START INPUT FOR THIS TASK
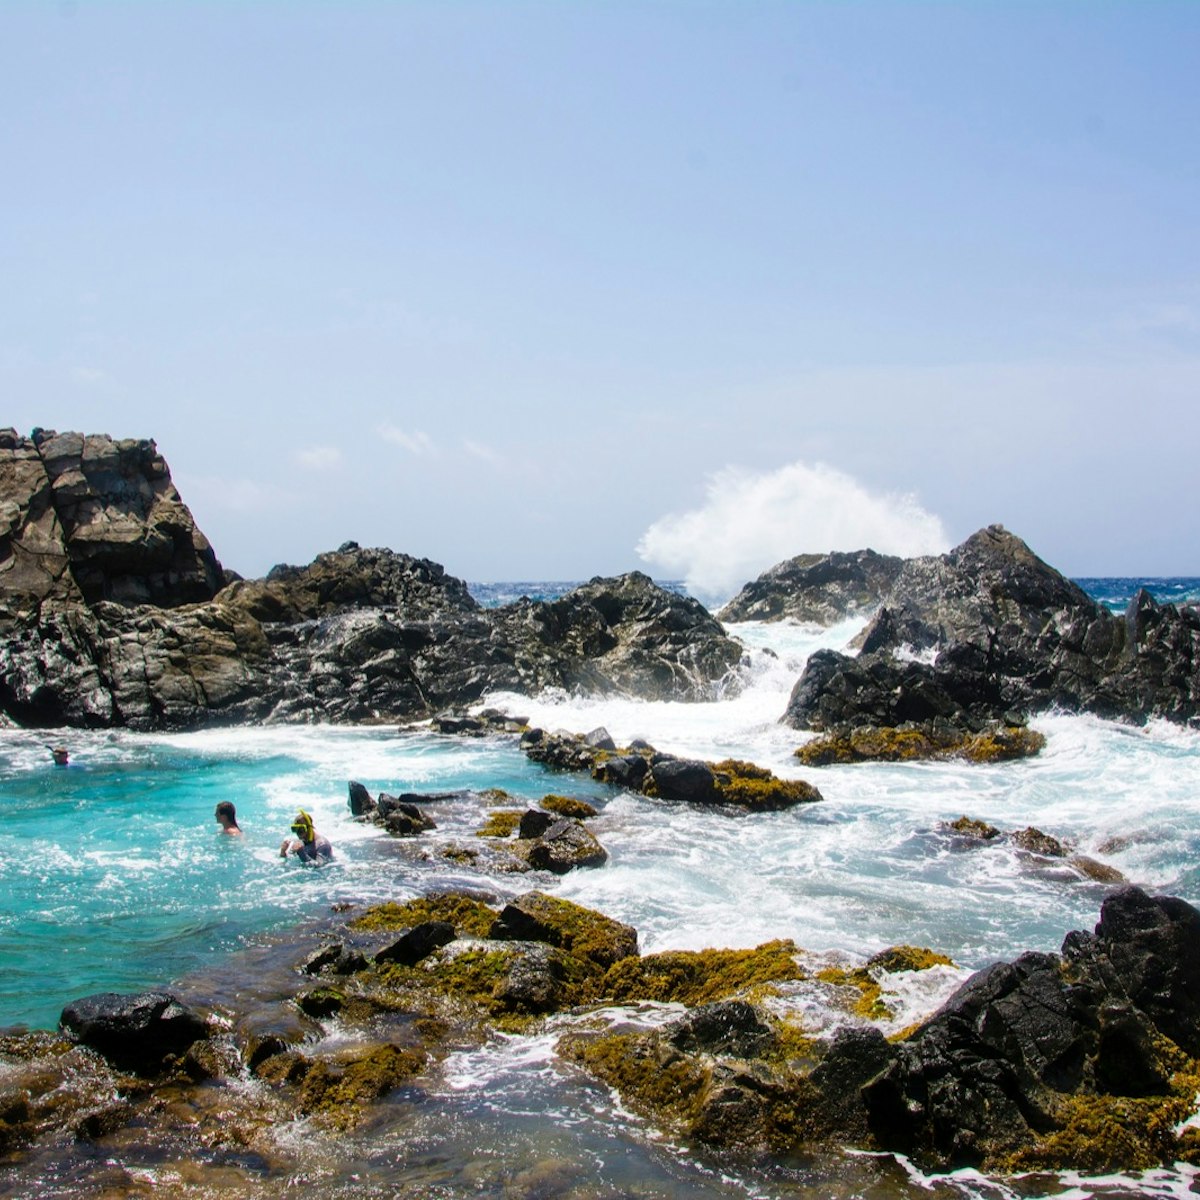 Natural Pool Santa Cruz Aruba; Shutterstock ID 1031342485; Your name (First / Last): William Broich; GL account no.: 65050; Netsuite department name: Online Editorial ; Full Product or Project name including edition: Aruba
END INPUT FOR THIS TASK
START INPUT FOR THIS TASK
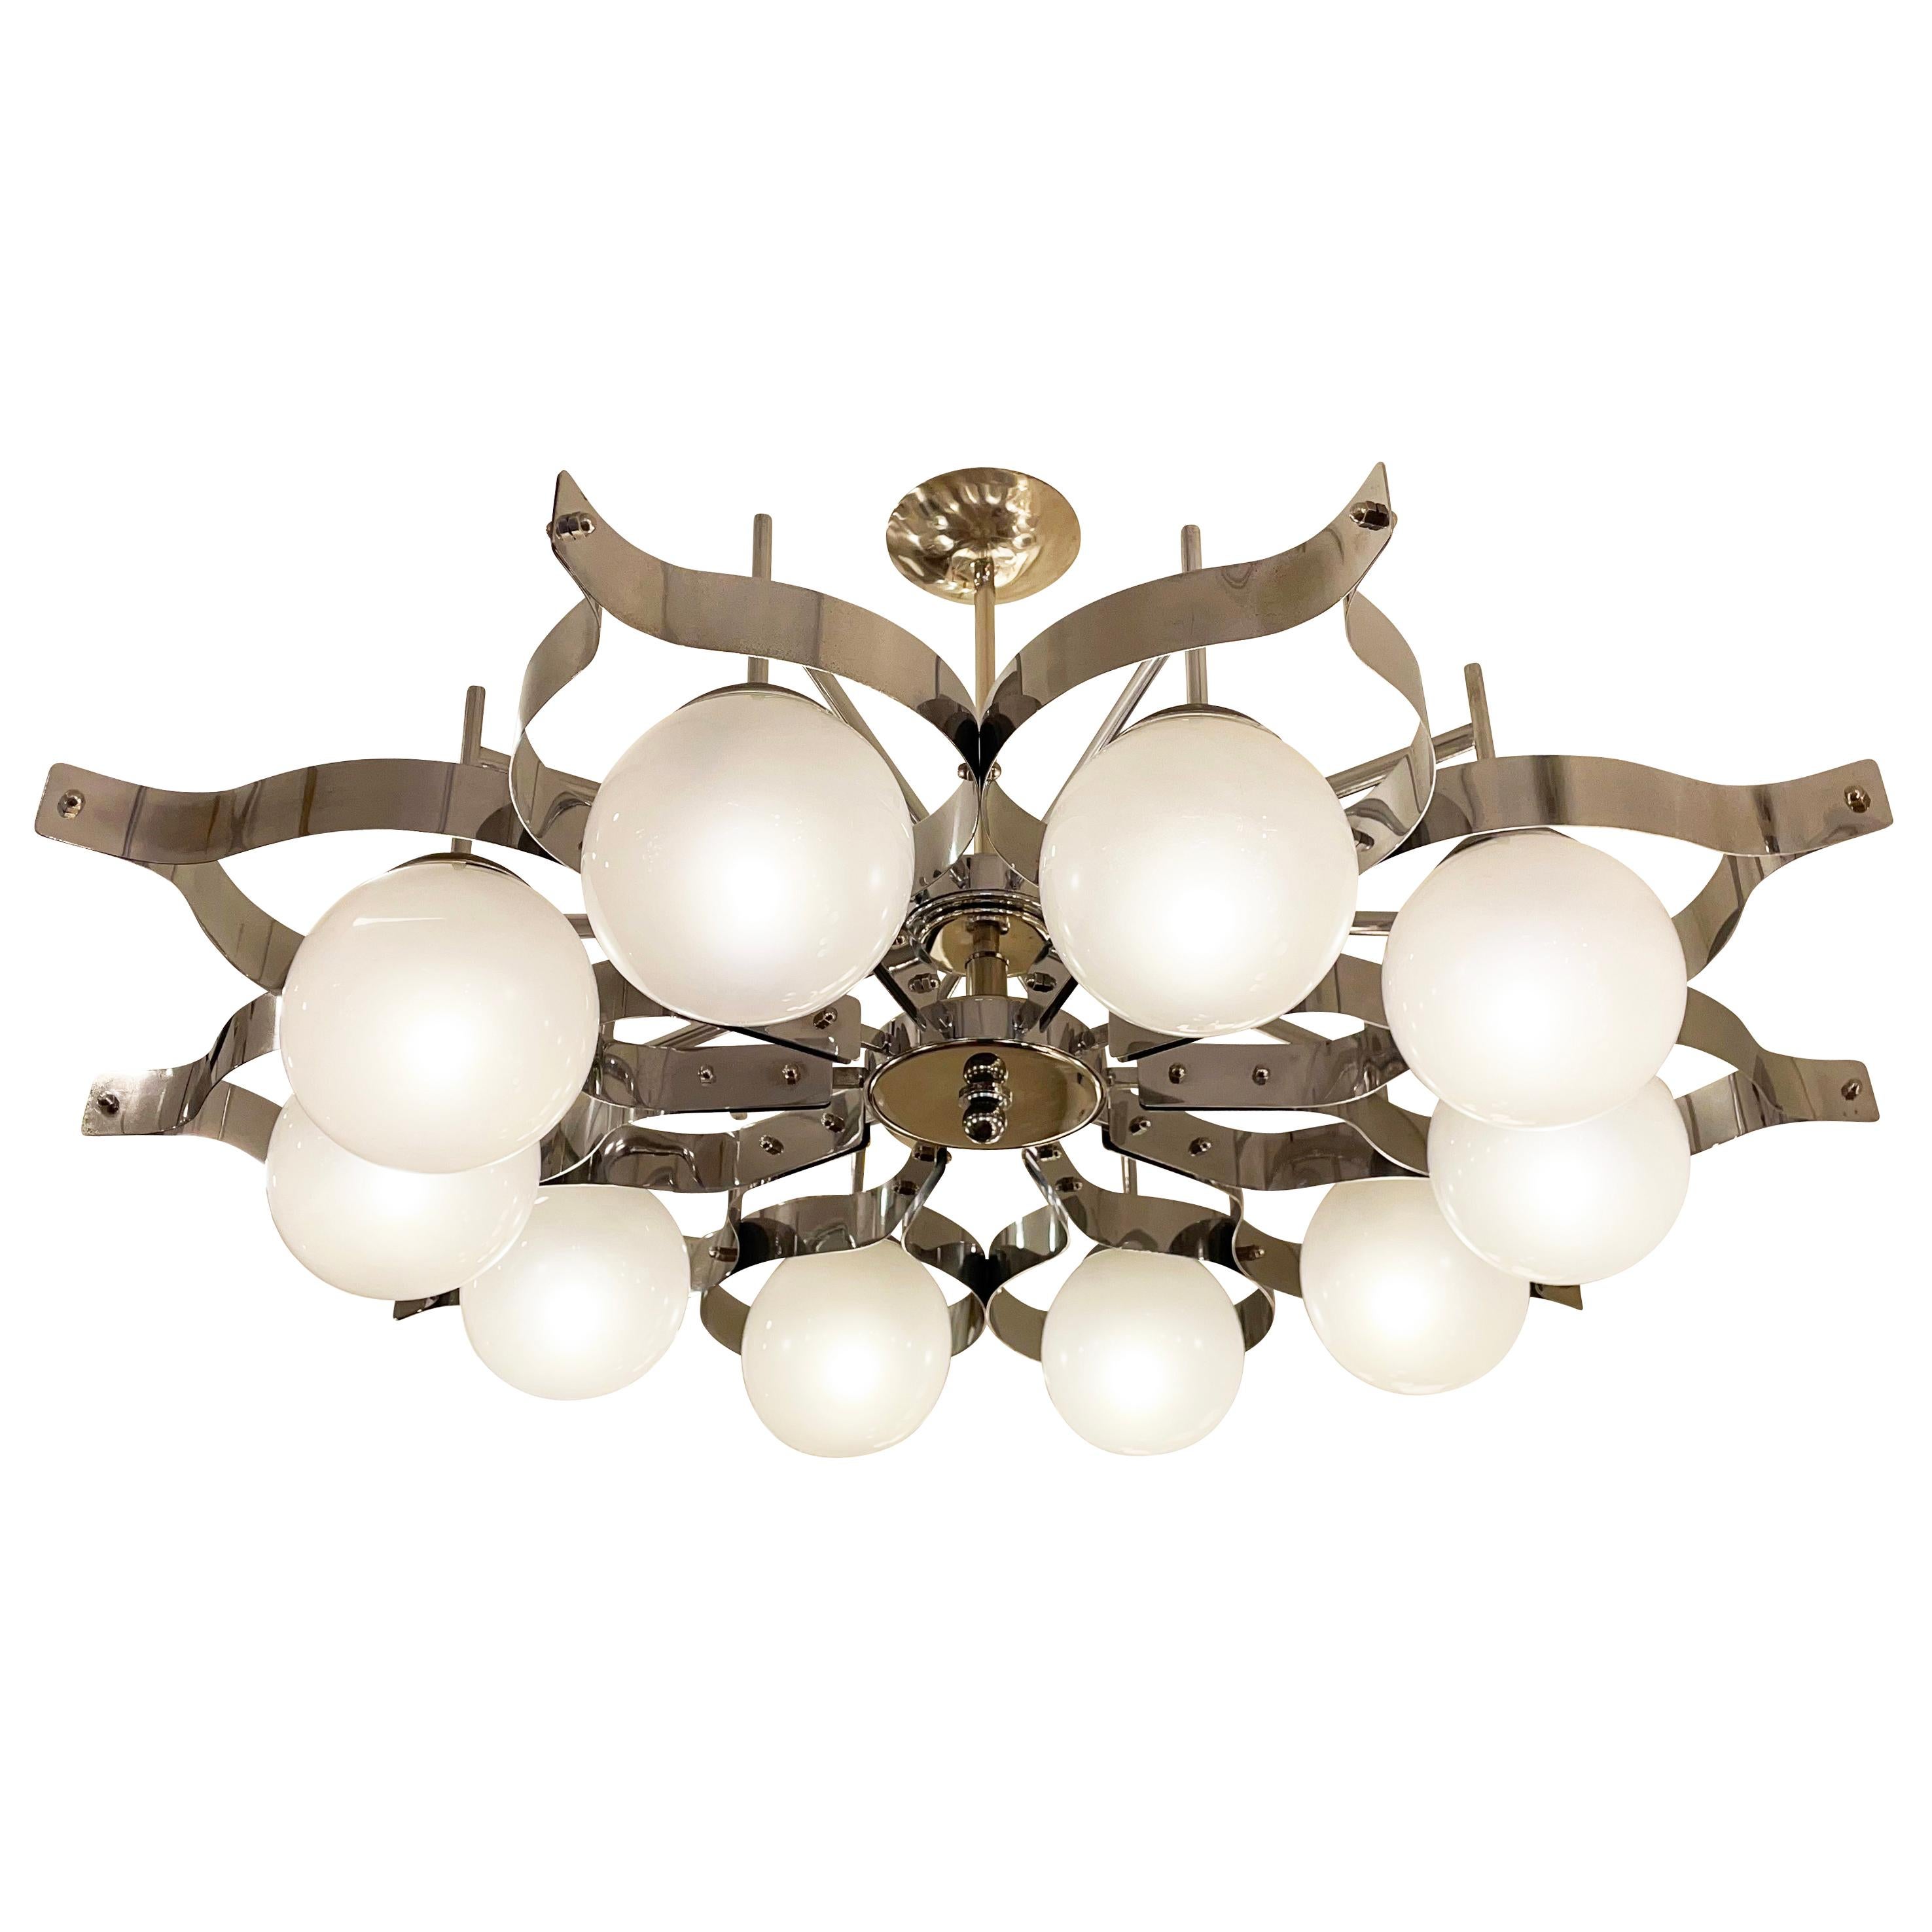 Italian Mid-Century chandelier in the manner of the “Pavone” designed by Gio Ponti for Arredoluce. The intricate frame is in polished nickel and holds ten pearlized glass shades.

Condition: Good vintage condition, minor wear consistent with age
END INPUT FOR THIS TASK
Keep to the stretch from the line containing "Italian Mid-Century chandelier" through the line containing "Condition: Good vintage", both ends included, and copy it exactly from the listing above, minus the pictures.

 Italian Mid-Century chandelier in the manner of the “Pavone” designed by Gio Ponti for Arredoluce. The intricate frame is in polished nickel and holds ten pearlized glass shades.

Condition: Good vintage condition, minor wear consistent with age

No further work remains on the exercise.